In addition, the international application described above (PCT/JP2004/ 009965) further discloses a preferable structure of superconducting coil to which the superconducting wire materials shown in Fig. 6 above are applied. Specifically, the international application states: "The superconducting coil constituted by winding the superconducting wire material has, in view of the structure or arrangement of said superconducting coil, a coil structure containing at least partially a part wherein the perpendicular interlinkage magnetic flux acting among various conductor elements of said parallel conductors by the distribution of the magnetic field generated by the superconducting coils acts to cancel each other is provided.
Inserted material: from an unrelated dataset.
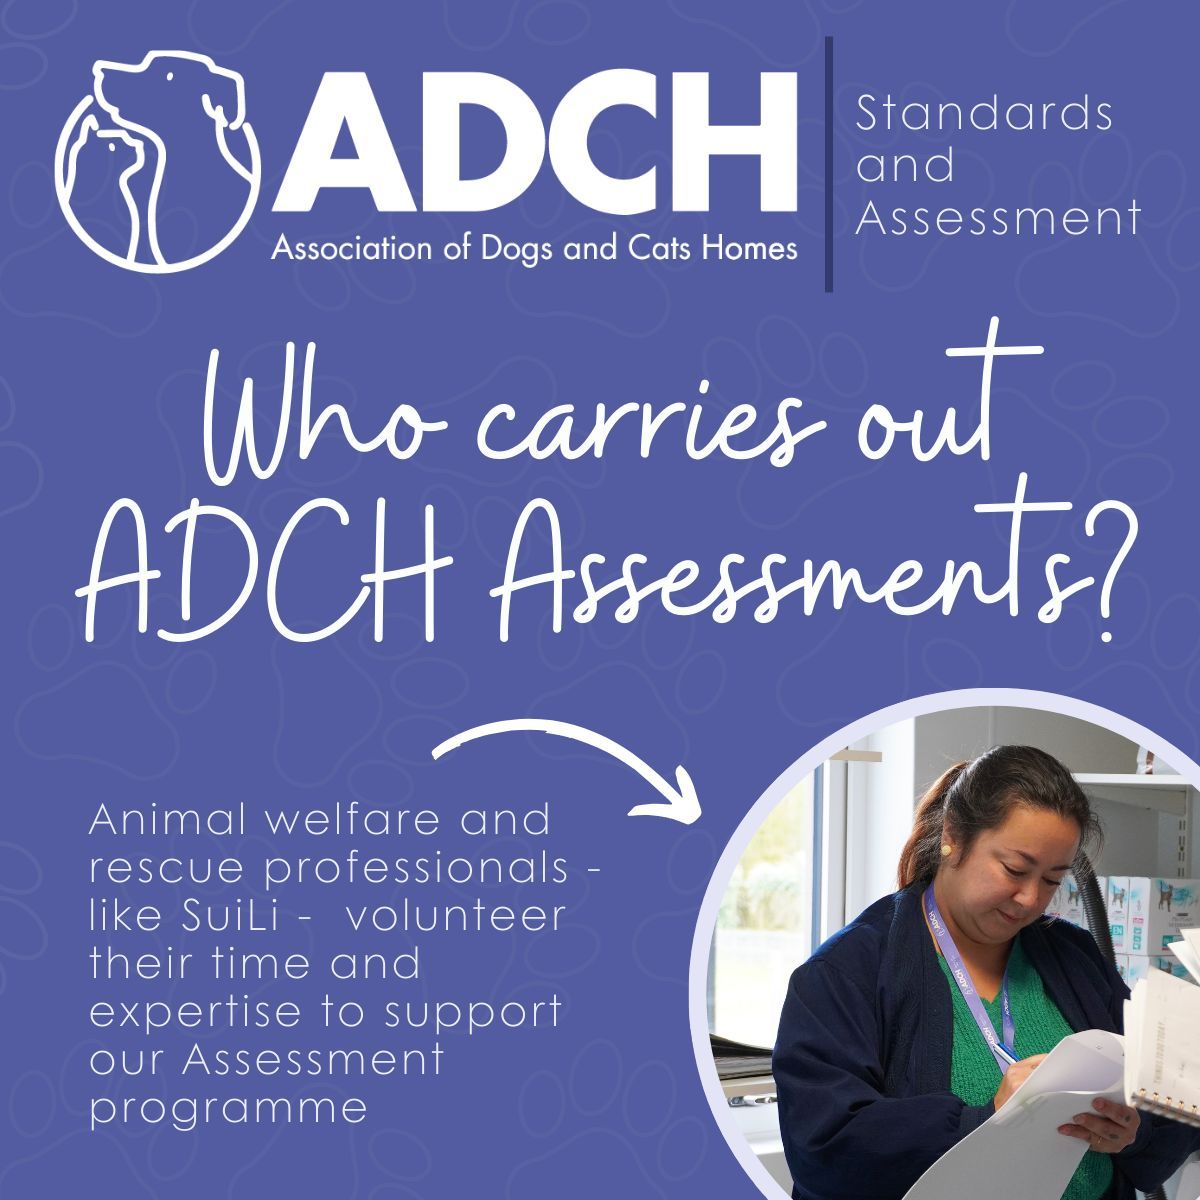 💭Did you know that the ADCH Assessment programme is carried out exclusively by volunteers? Our Volunteer Assessors support to our Members to achieve and maintain ADCH's Minimum Welfare and Operational Standards. Thank you to our Volunteer Assessors 🐕🐈🤝#togetherforcatsanddogs

This will provide a superconducting wire capable of suppressing AC loss and a low-loss superconducting coil made from this superconducting wire having a simple structure without transposition, capable of canceling interlinkage magnetic flux due to the perpendicular magnetic field to the wire, and capable of suppressing the circulating current within the wire due to the perpendicular magnetic field and making shunt current uniform so that the losses may be limited. " (For details, refer to the international application mentioned above.)
We will now describe below the measures against over-current in the event of short-circuit of a transformer. When a transformer is short-circuited, a strong short-circuit current flows in the coil and an excessive electromagnetic force works. In the case of a superconducting transformer, current density is higher than that of a normal conductive transformer. In other words, for a same current capacity, the superconducting transformer has a smaller conductor section. Therefore, when a same electromagnetic force works on the conductor, the superconducting transformer applies a larger stress to the conductor. In the case of an oxide superconducting transformer, the conductor, being an oxide, has a relatively low mechanical strength, and may not be able to withstand this electromagnetic force at the time of over-current.
The means for solving this problem are disclosed in the Patent Reference 3. The following is a citation of a summary contained in the Patent Reference 3. "On a superconducting coil constituted by winding a taped-shaped superconducting wire material along a spiral groove formed on the outer periphery of a cylindrical insulating bobbin, a metal tape wherein normal conductors such as copper, copper alloy, titanium, stainless steel and the like are used is lap wound on the outer periphery of the superconducting wire material mentioned above, the metal tape is bound by hardening the resin used, and then the metal tape is connected electrically in parallel with the superconducting wire material. This structure will enable to support the electromagnetic force in the radius direction applied to the superconducting wire material by the metal tape from the outer periphery in the event of a short-circuit, and to prevent possible burn-out of the coil due to a sharp rise in temperature by diverting a part of current to the metal tape when the superconducting wire material transformed into a normal conductor because of Joule generation of heat resulting from an over- current."
[Patent Reference 1] Japanese Patent Application Laid Open 11 - 273935 (p. 2 - 4, Fig. 1 - 4)
[Patent Reference 2] Japanese Patent Application Laid Open 7 - 37444 (p. 2 - 7, Fig. 1)
[Patent Reference 3] Japanese Patent Application Laid Open 2001 - 244108

Disclosure of the Invention

Issues that the Invention is trying to solve

The critical current of high-productivity tape-shaped superconducting wire materials such as those described in the Patent Reference 2 above or the international application (PCT/JP2004/009965) is approximately 100A in the self-magnetic field and at the liquid nitrogen temperature (77K). Under the superconducting coil state, the critical current falls down further due to the generation of the magnetic field, and the current usable for equipment falls down substantially from the critical current 100A mentioned above.
On the other hand, the required current capacity is varied according to the equipment used or usage. When a strong current is required as in the case of the low-voltage winding of a transformer for example, it is possible that the methods described in the Patent Reference 2 or the international application mentioned above may be insufficient to cope with the situation.
Furthermore, at the time of starting excitation or in the event of an unexpected short-circuit for example, so-called measures against over-current may be required so that AC equipment may be able to withstand a current in excess of the rated current for a short period of time. On the tape-shaped superconductor elements described in the Patent Reference 2 or the international applications mentioned above, a metal layer consisting of gold or silver is formed as a stabilizing layer as described above. This metal layer is formed mainly for the purpose of improving superconductive performance, and this metal layer is generally 10µm or less thick, and may be often insufficient as a safety measure against over-current.
The present invention was made to solve the problems mentioned above, and the objects of the present invention are to make it possible to reduce AC losses, to increase the current capacity of coils, to prevent the burn-out of conductors due to over-current at the time of starting excitation or in the unexpected event of short-circuit by using parallel superconducting conductors and to provide a safe large-capacity superconducting coil.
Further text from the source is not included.